M100 has received considerable observational attention by astronomers in recent years for a variety of good reasons. Being the brightest and one of the closest of the Virgo galaxies its structure has invited detailed telescopic scrutiny of its structure and has provided astronomers with important insights regarding the interplay of galaxy dynamics and star formation. M100 is a spiral with a very pronounced nuclear bar at its center and a large prominent circumnuclear star forming ring (CNR). Astronomers now recognize that barred systems are the precursors of the nuclear ring phenomenon. Observational evidence and computer simulations have shown that bars provide the mechanism for transporting interstellar gas into the central regions of galaxies.

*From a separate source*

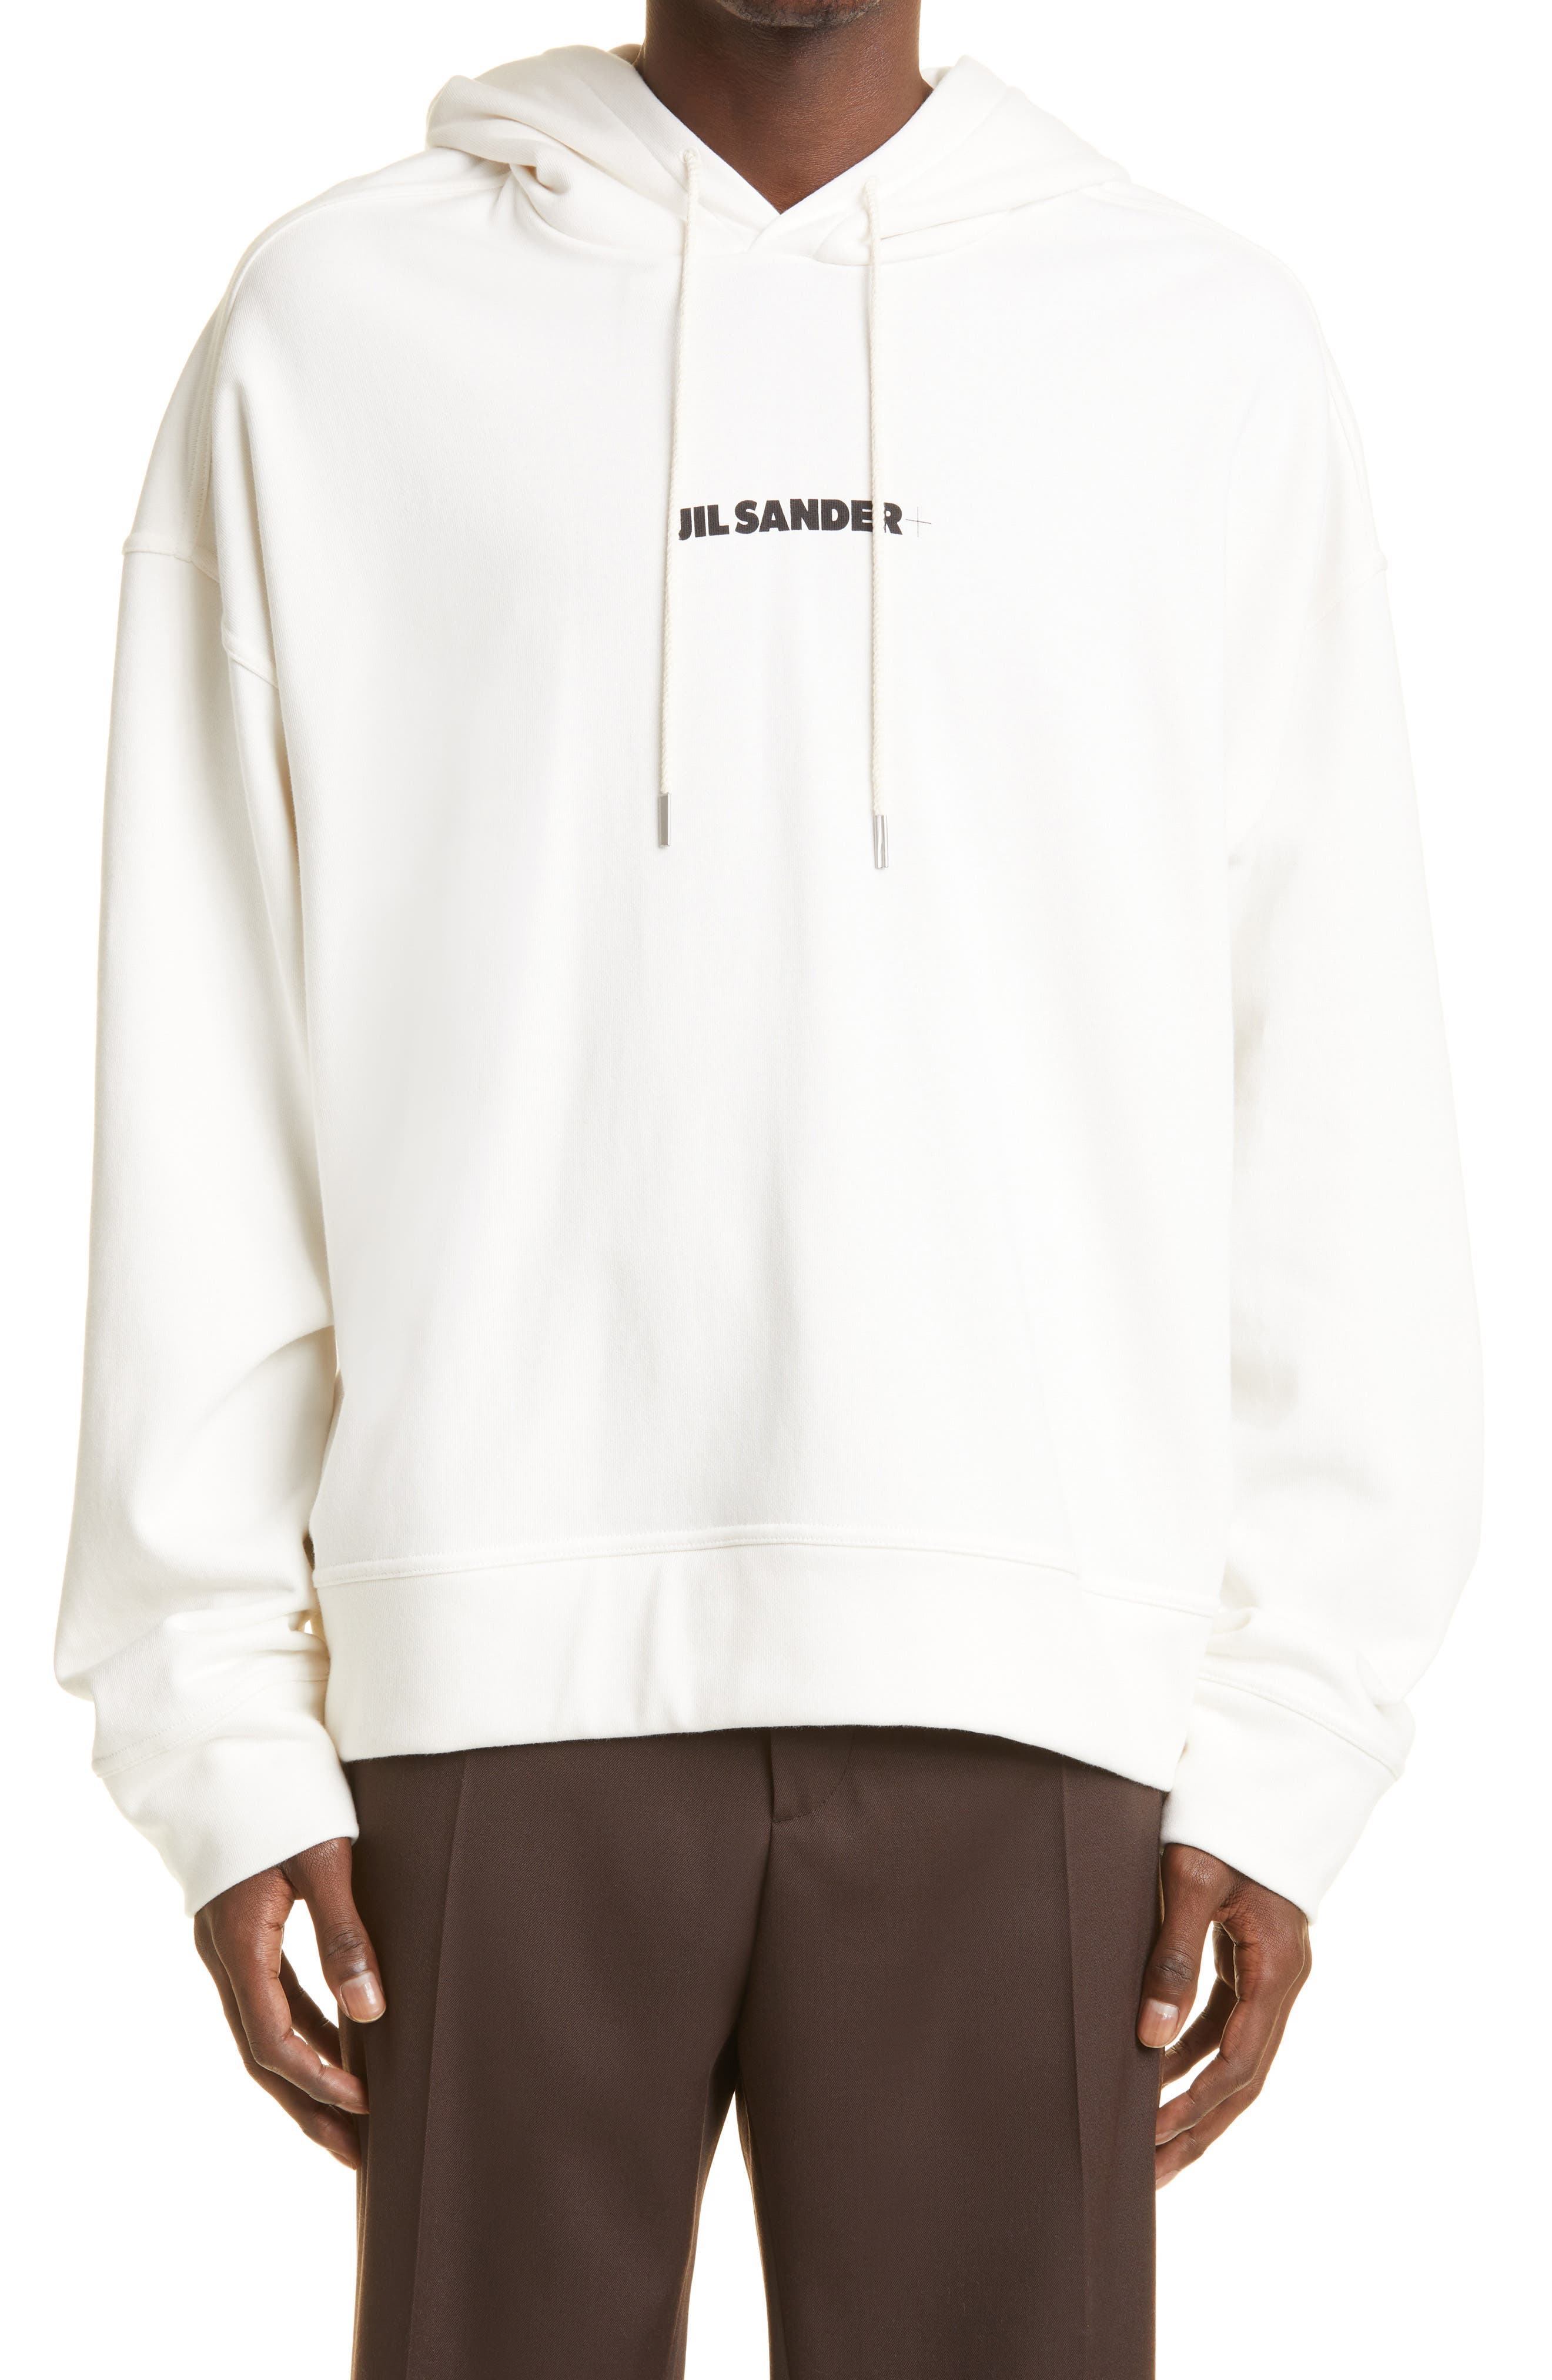 Jil Sander Men's Logo Graphic Hoodie in Natural at Nordstrom, Size Small

The presence of a bar is believed to place a substantial gravitational torque on the galaxy's disk components. The torque is of such a degree that the dynamics of matter distribution within the galactic disk becomes dramatically altered. The outcome is that gas and stars tend to collect in so called "resonance rings" which form along the inner and sometimes outer regions of the disk. The innermost resonance ring forms a narrow band around the central 3000 light years of the galactic nucleus and is known as the Inner Linblad Resonance (ILR). Gaseous and stellar matter from the disk becomes redistributed into the ILR. The effect of gas rushing into the tight space of the inner resonance ring sets in motion the collapse of molecular clouds and triggers the formation of large numbers of stars. The starbursts can occur randomly throughout the CNR and span different time epochs which may overlap. Observations of the CNR of M100 reveal populations of new stars from time periods ranging from 15 to 25 million years ago. Some areas in CNR of M100 have continuously formed stars for the last 100 million years.

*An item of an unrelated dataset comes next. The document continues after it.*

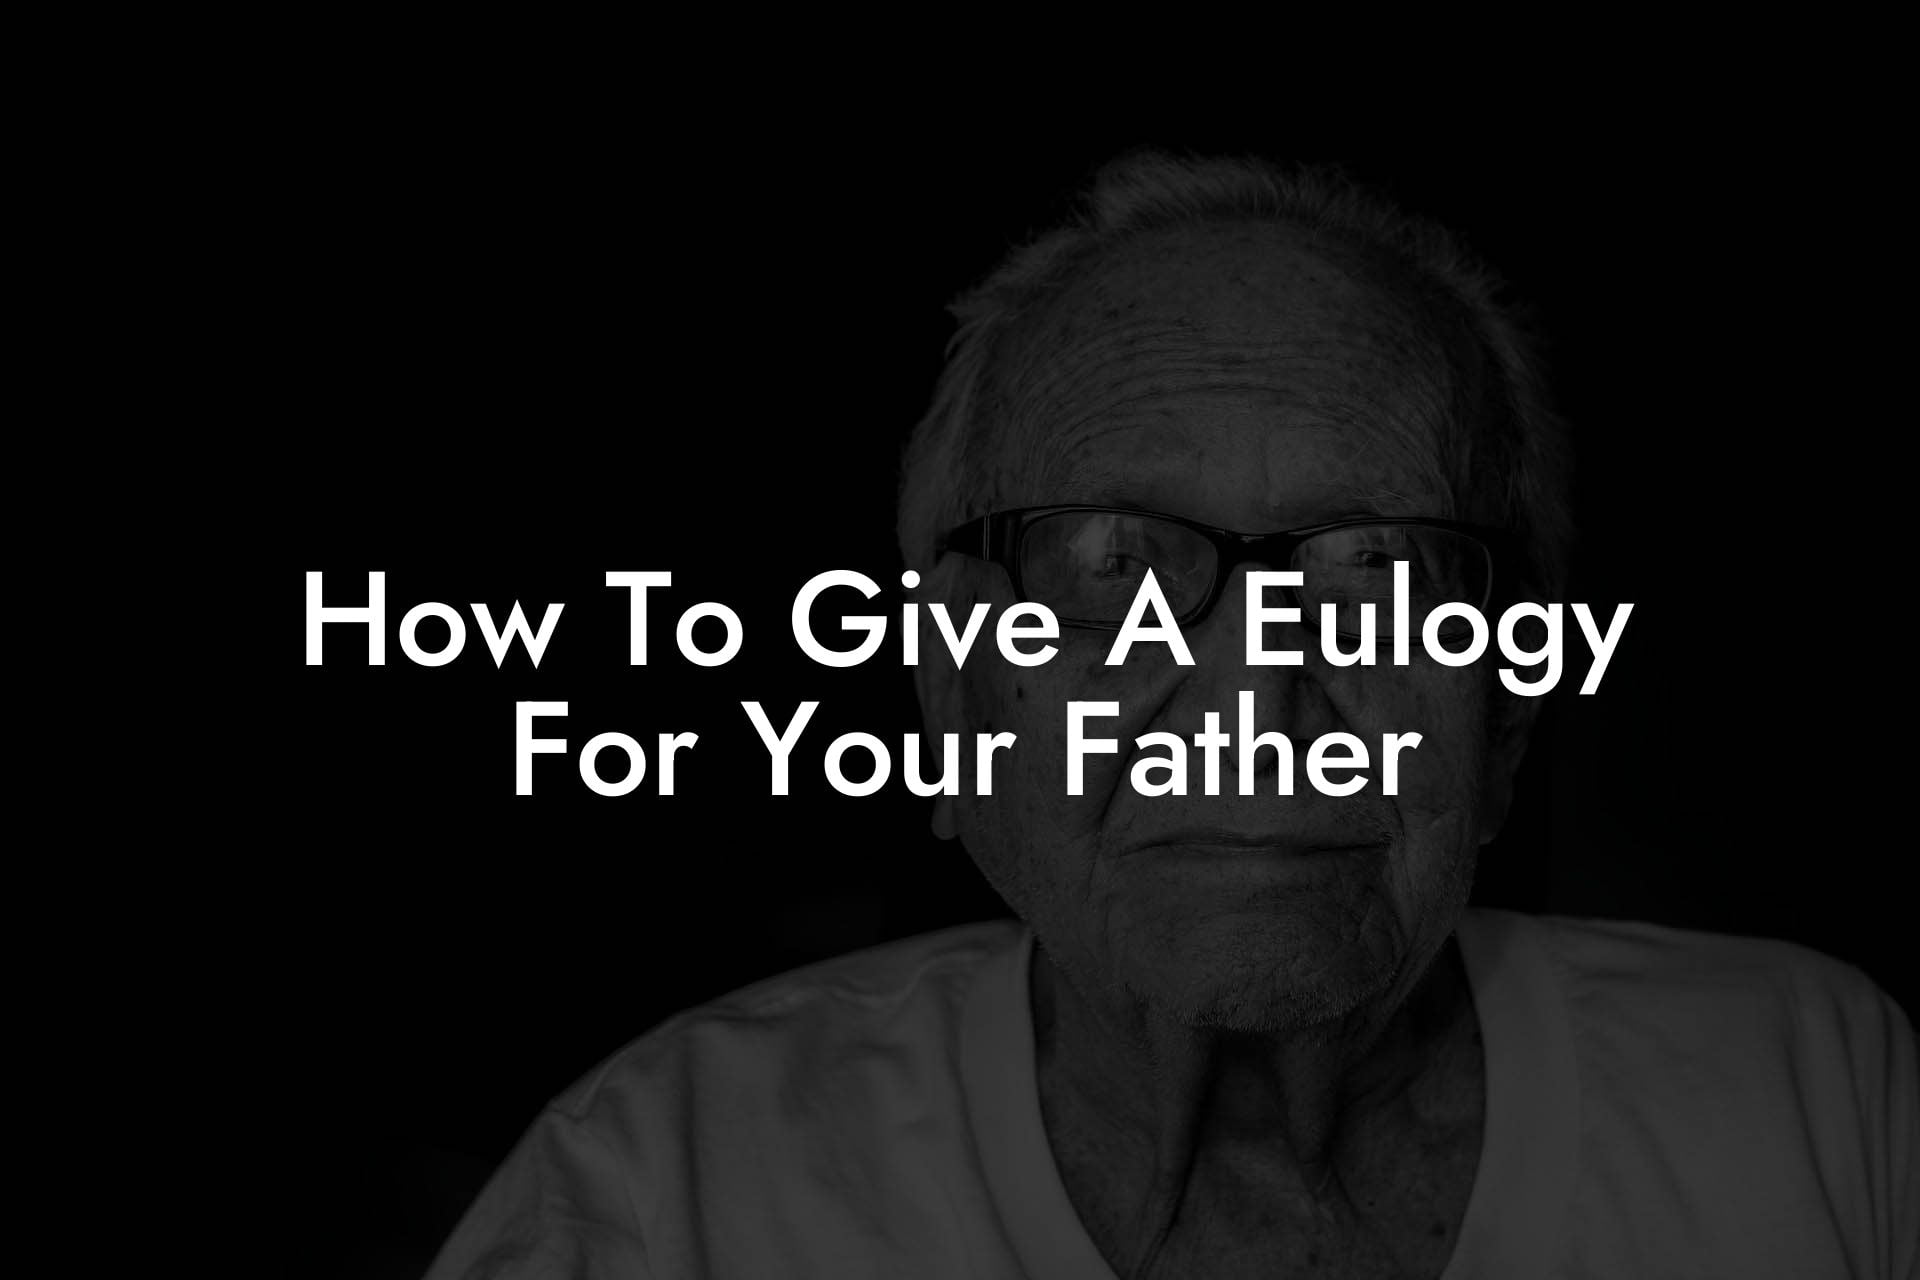 How To Give A Eulogy For Your Father

A Type 1a supernova was discovered in M100 on Febuary 4th 2006 by the Japanese amateur astronomer Shoji Suzuki and Italian astronomer Marco Migliardi. SN2006X is a type 1a supernova and the 5th discovered in M100 since 1900. The others were SN 1901B, SN 1914A, SN 1959E, and SN 1979C. The most commonly accepted explanation for type 1a SN is that they are the outcome of a carbon-oxygen white dwarf accreting matter from a nearby companion star, typically a red giant.